Die Frau starrte sie an. »Mein Sohn?« Ihre Worte klapperten in ihrer Kehle wie Kiesel in einem Fluss, und Tarō sah, welche Mühe ihr das Sprechen bereitete. »Ich habe nur zwei Söhne. Einer ist von eigener Hand gestorben … Seppuku … ein ehrenhafter Tod für einen Samurai. Der andere ist hier, in meinen Armen.« Sie blickte auf den toten Jungen hinab, küsste ihn auf die Wange und presste ihn dann an sich. »Ihr könnt ihn mir nicht wegnehmen. Ich lasse nicht zu, dass noch einer meiner Söhne stirbt.«
Sie glaubt, der Junge lebt noch , dachte Tarō. Ihr Götter, sie hat den Verstand verloren. Er fragte sich, wie lange sie schon hier eingesperrt sein mochte, allein im Dunkeln.

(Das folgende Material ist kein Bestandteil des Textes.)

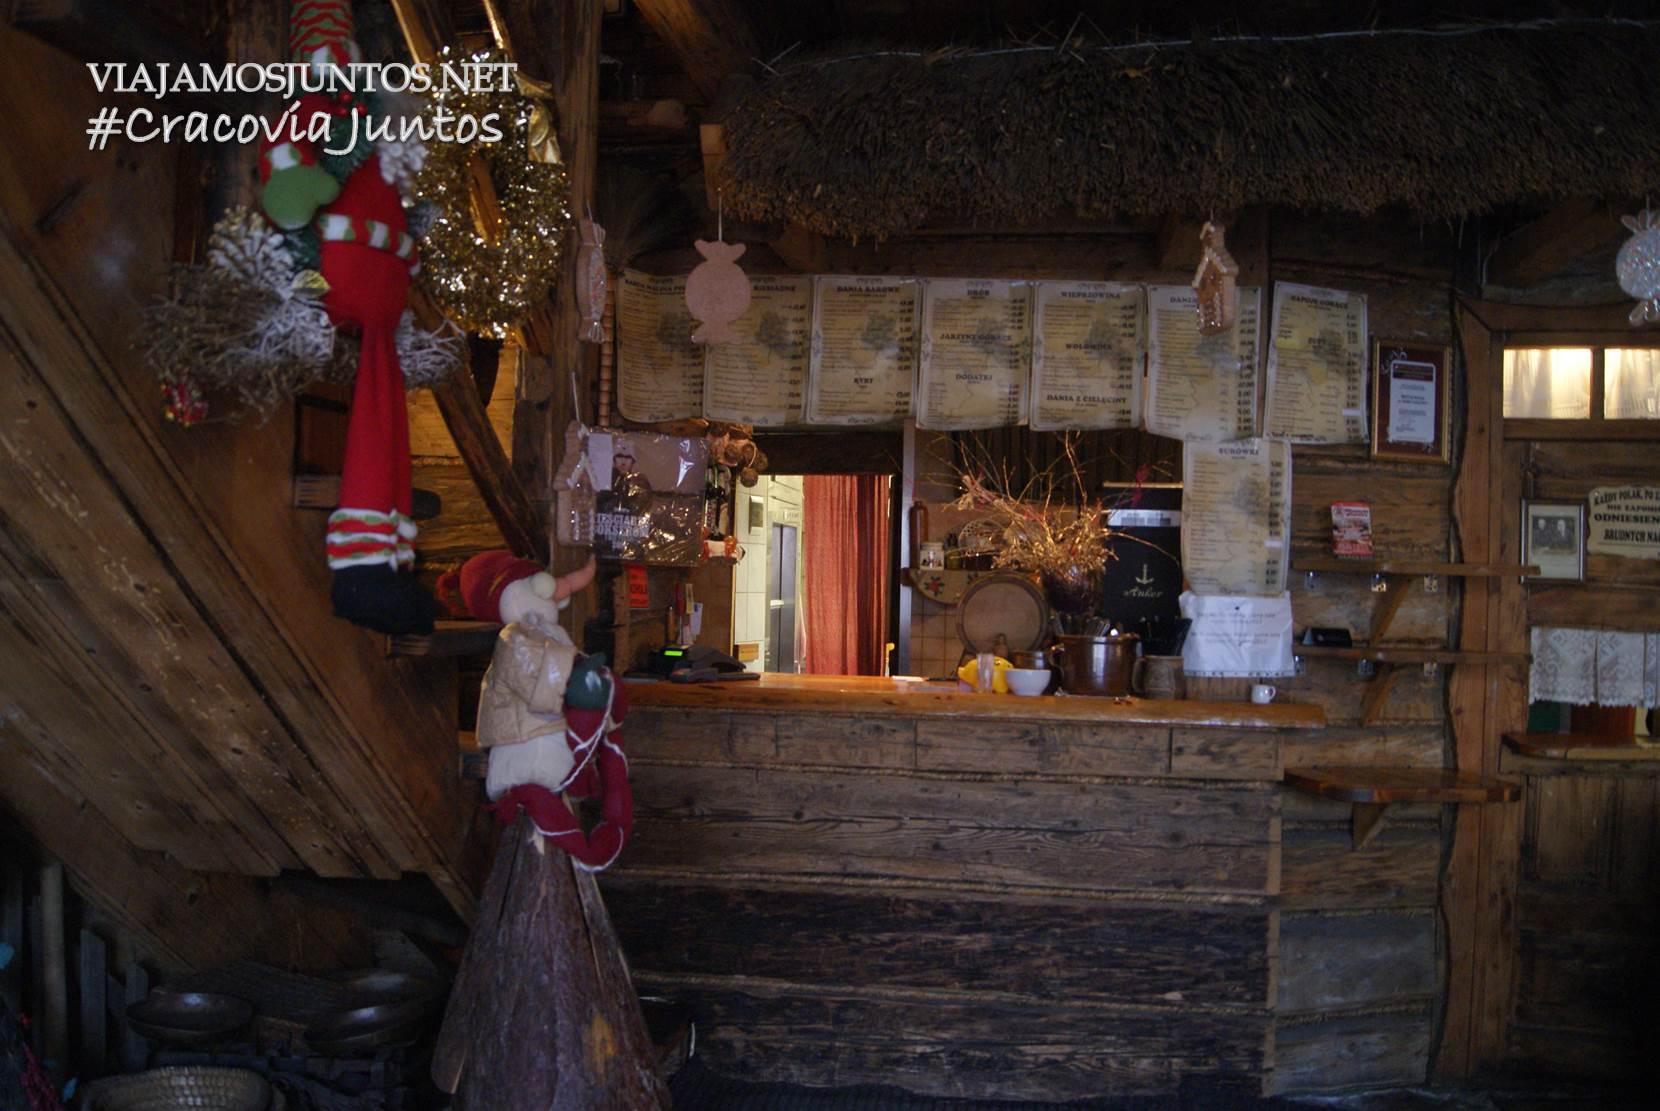 La ventanilla donde hay que pedir la comida. U Babci Malyny, Cracovia, Polonia

Aber er würde diese Chance kein zweites Mal bekommen. Er sah ihr fest in die Augen und erzählte ihr, was er von Shūsaku über Daimyō Tokugawas Entscheidung erfahren hatte, ihn geheim zu halten, damit er vor Oda sicher war. Er berichtete ihr von dem Ninja, der ihn gerettet hatte. Und vor allem erzählte er ihr von seiner Vermutung, dass sie seine wahre Mutter sei, diese gebrochene Frau, die hier vor ihm saß.
Fürstin Tokugawa lächelte, und auf diesem geschundenen Gesicht wirkte es traurig. »Komm näher, damit ich mir dein Gesicht ansehen kann.«
Tarō beugte sich vor und kämpfte seinen Ekel vor dem Geruch der Frau nieder.

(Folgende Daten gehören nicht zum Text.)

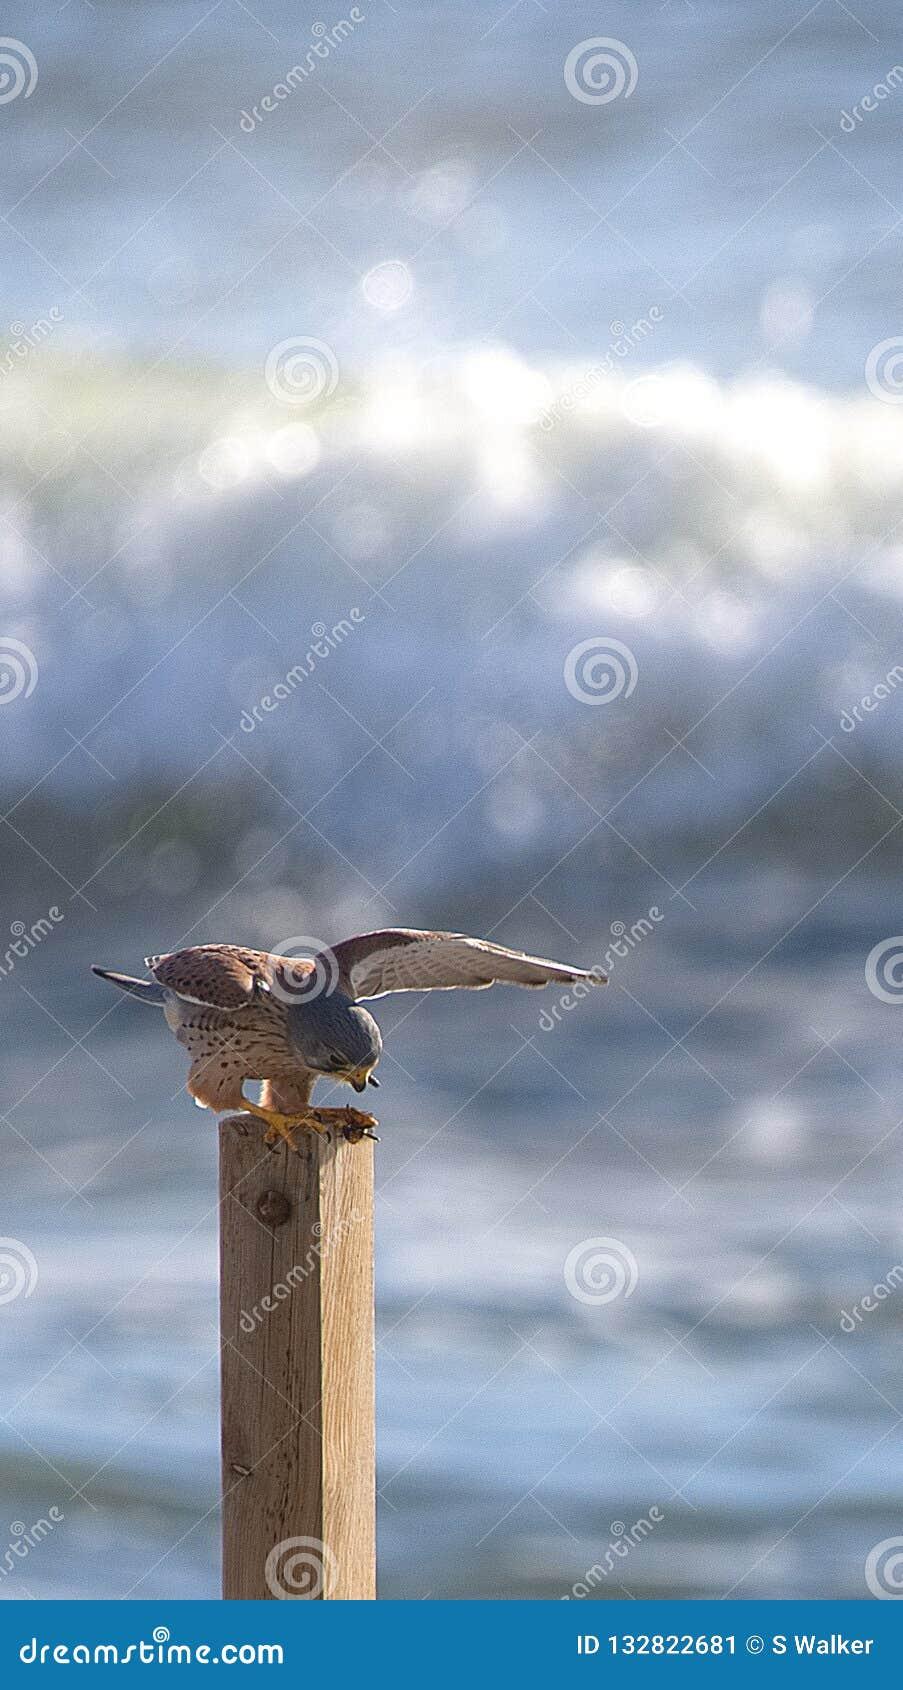 Kestrel (Falco tinnunculus) wings spread, feeding by the sea.

»Ah. Nein. Ich kenne dich nicht. Es tut mir leid.«
»Aber … aber … «, stammelte Tarō.
Die Fürstin Tokugawa lächelte immer noch. »Ich sagte … du bist nicht mein Sohn.«
Tarō konnte es nicht fassen. »Aber dann … warum …«
Hana legte Tarō die Hand auf den Arm. »Lass sie aussprechen.« Und tatsächlich, die Fürstin Tokugawa öffnete erneut den Mund, um zu sprechen.
»Du bist nicht mein Sohn. Aber der Sohn meines Mannes. Ich sehe es in deinem Gesicht.«
»Aber …« Tarō fuhr zusammen. »Was bedeutet das?«
»Du … hast … eine Mutter?«, fragte die Fürstin. »Eine Frau, die dich großgezogen hat?«
»Ja.«
»Dann … nehme ich an … dass sie deine Mutter ist. Mein Gemahl … ist nicht … treu.«
Tarō wusste nicht, was er sagen sollte. Meine Mutter ist also doch meine richtige Mutter! , dachte er voller Freude.

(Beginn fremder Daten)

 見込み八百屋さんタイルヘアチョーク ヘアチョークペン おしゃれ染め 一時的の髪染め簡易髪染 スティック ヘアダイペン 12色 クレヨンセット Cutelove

Und gleich darauf traurig: Aber mein Vater war nicht mein Vater.
Und doch hat er mich mit ihr gemeinsam großgezogen, obwohl er gewusst haben muss, dass der Junge, um den er sich kümmerte, Tokugawas Sohn war.
Tarō wurde von Zuneigung für seinen Ziehvater überwältigt und erinnerte sich an den zerbrechlichen Körper auf dem Bett, den abgeschlagenen Kopf – und die Wut strömte durch seine Adern wie flüssiger Stahl.